One of the most famous of the western Indian forts of the United States is situated on the west bank of the Laramie River, one and a half miles above the junction of that stream with the Platte. Though deserted the post is still a picturesque figure, recalling the days when it administered authority for seven hundred miles around. The property now comprises part of the ranch of Mr. John Hunton.

Before the white man had established a habitation where Fort Laramie stands the whole of the country of the North Platte River was a hunting-ground and battle-field for different tribes of Indians. Countless herds of buffalo roamed the land and it was rich in fur-bearing animals, as well.

In 1834 William Sublette and Robert Campbell, coming to this part of the country to trap beaver, found themselves obliged to construct some sort of protection against the roving bands of vagabond Crows and Pawnees which occasionally swept along the Platte, stealing where they could. They built in that year upon the present site of Fort Laramie a square fort of pickets 18 feet high, with bastions at two diagonal corners, and a number of little houses inside for their employés. In 1835 they sold out to Milton Sublette, James Bridger and three other trappers, who went into partnership with the American Fur Company and continued the beaver trapping business.

In that year the American Fur Company sent two men named Kiplin and Sabille to the Bear Butte and Northern Black Hills to persuade the Sioux Indians to come over and hunt their game and live in the vicinity of the fort. Their ambassadors succeeded so well that they returned with over one hundred lodges of Oglala Sioux under Chief Bull Bear. This was the first appearance of the powerful Sioux nation in this part of the country, which they speedily overran, driving away Pawnees, Cheyennes, Crows and all others from its very borders.

Of course the fort speedily became a trading post where the Indians bartered a buffalo robe for a knife, an awl, or a drink of “fire water.” Anything that the company had to trade was at least of the value of one buffalo robe. An American horse brought fifty of them; any pony was worth twenty or thirty. Any old scrap of iron was of great value to an Indian and by him would be speedily converted into a knife. Fire-arms he had none and his arrow-heads were all made of pieces of flint or massive quartz, fashioned into proper shape by laborious pecking with another stone. The Sioux then had no horses, but herds of wild horses were abundant on their arrival and it was not many years before they learned their use.
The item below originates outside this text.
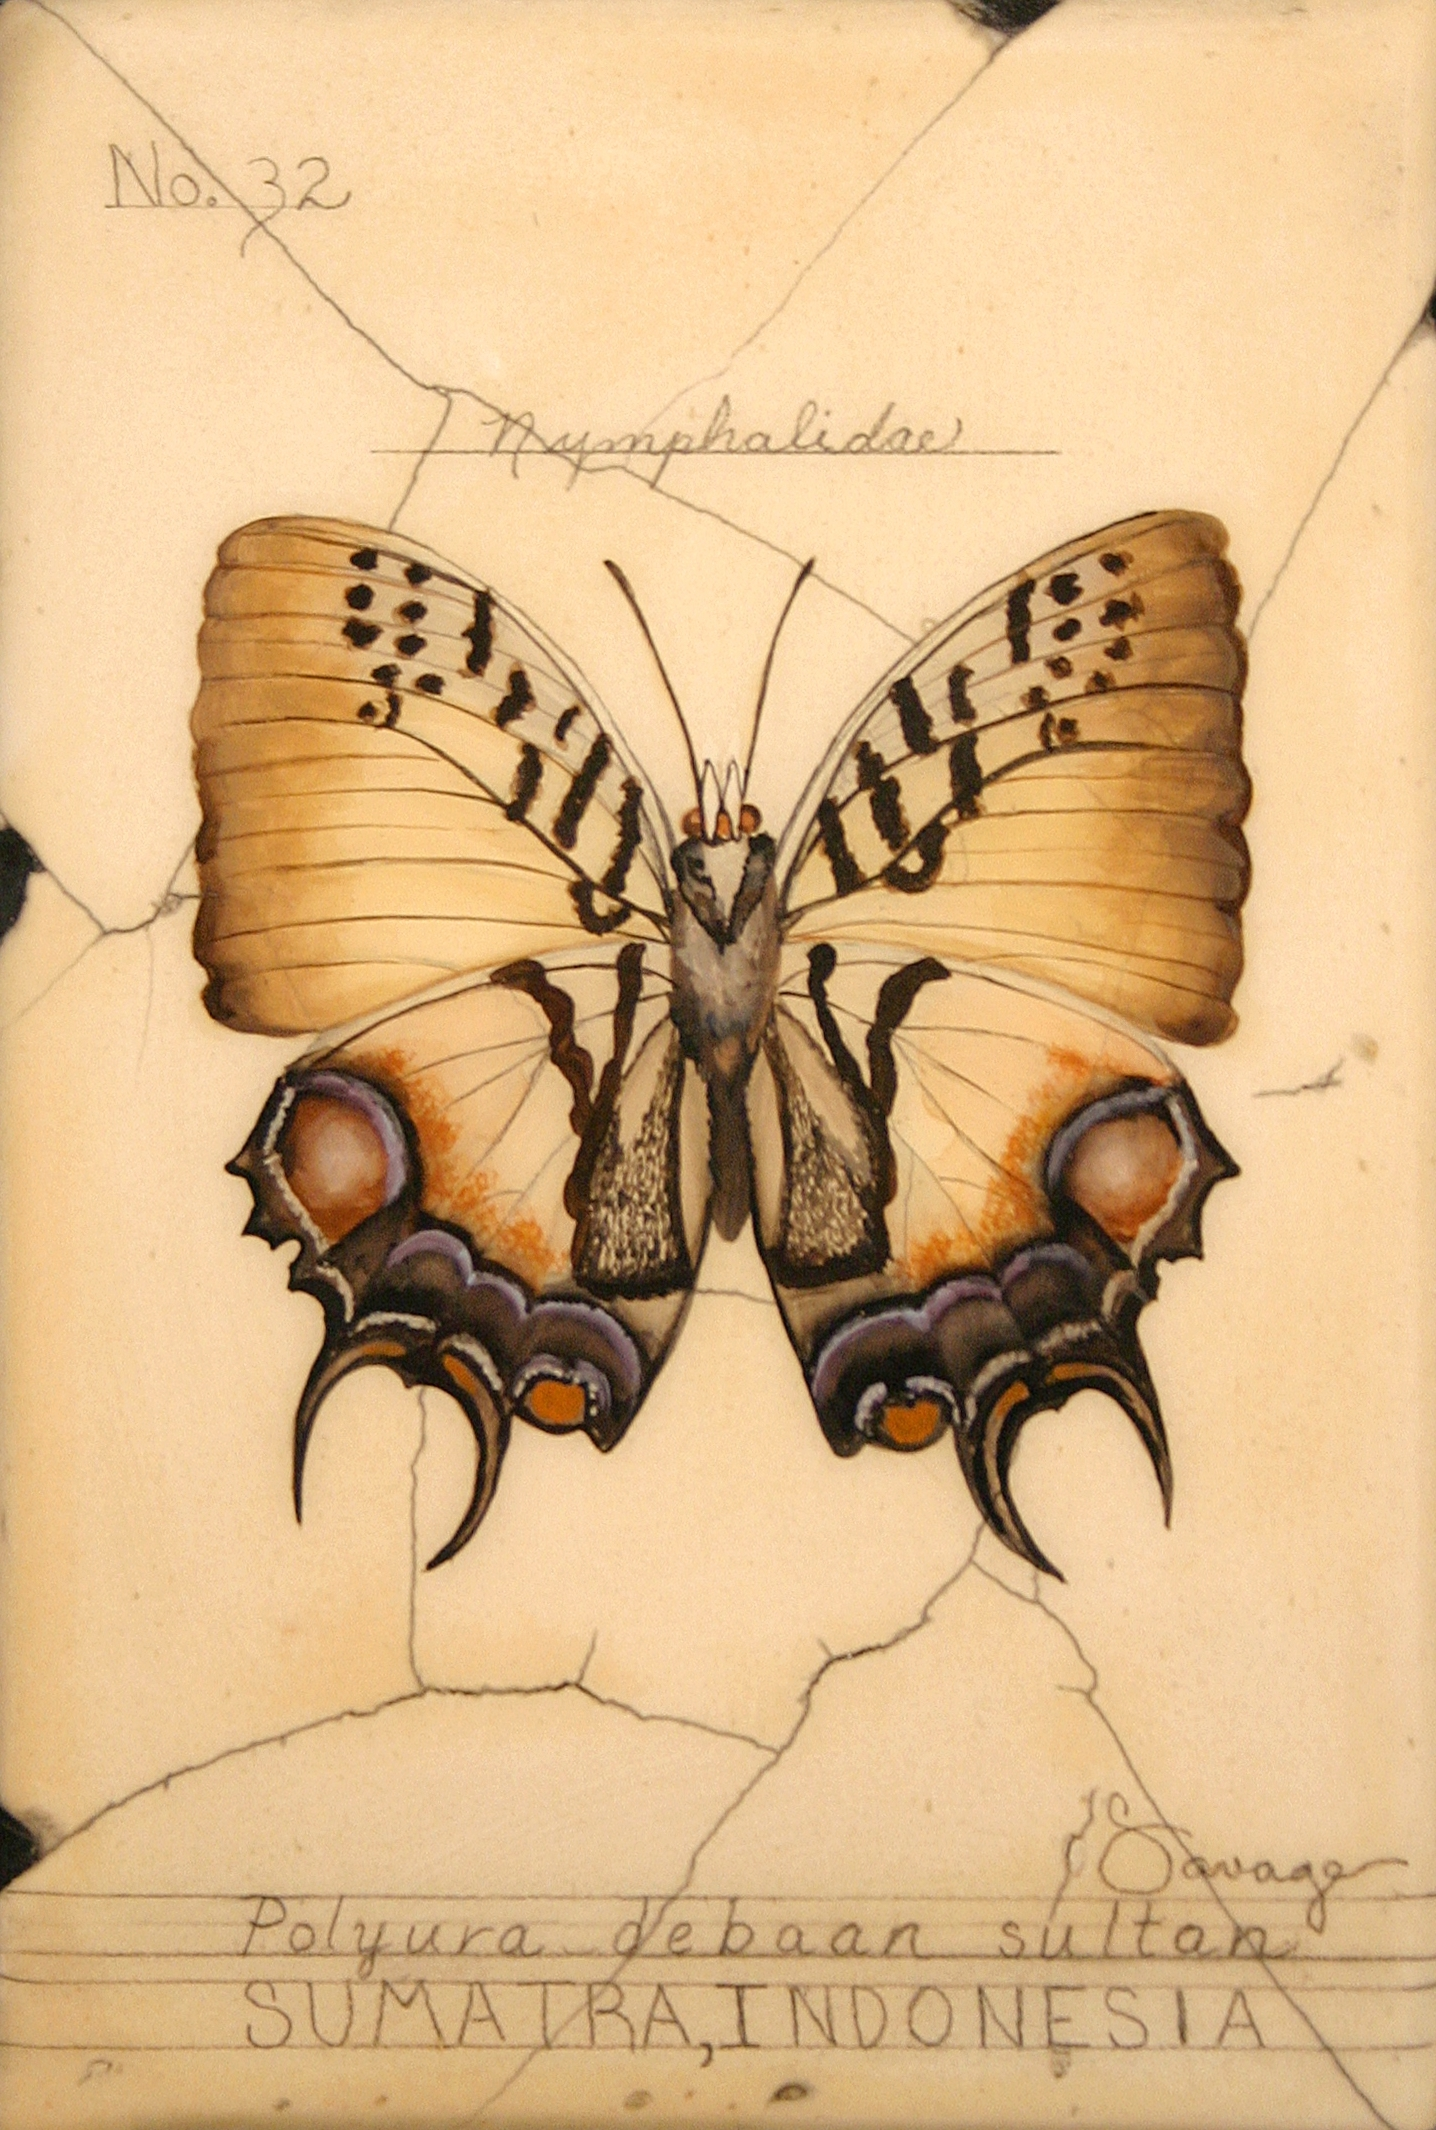 No. 32 Sumatra (Sultan) Butterfly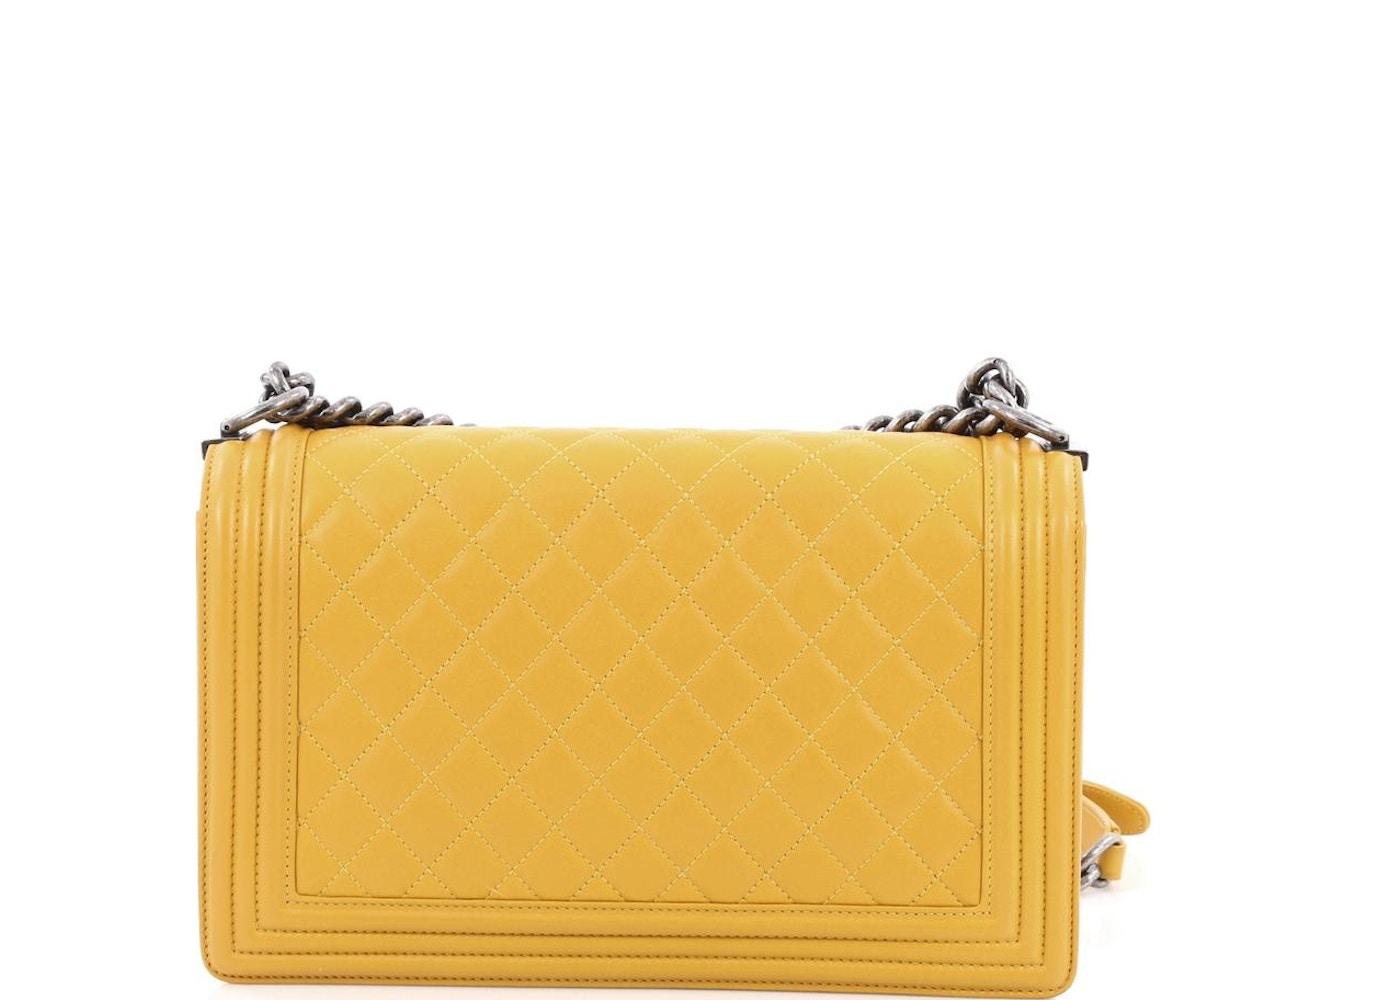 abd2b830f9dadc Chanel Boy Flap Bag Quilted Diamond New Medium Mustard Yellow

In 1836 the picket fort began to rot badly and the American Fur Company rebuilt it of adobe at an expense of $10,000. The people who lived inside of the fort at this time called it “Fort William,” after William Sublette, but the name could not be popularized. The fort being built on the Laramie River, not far from Laramie Peak, the American Fur Company’s clerks in their city offices labelled it Fort Laramie and by that name it was destined to be called.

It seems that Laramie was a trapper, one of the first French voyageurs who ever trapped a beaver or shot a buffalo in the Rocky Mountains. He was one day killed by a band of Arapahoes on the headwaters of the stream which has ever since been called by his name.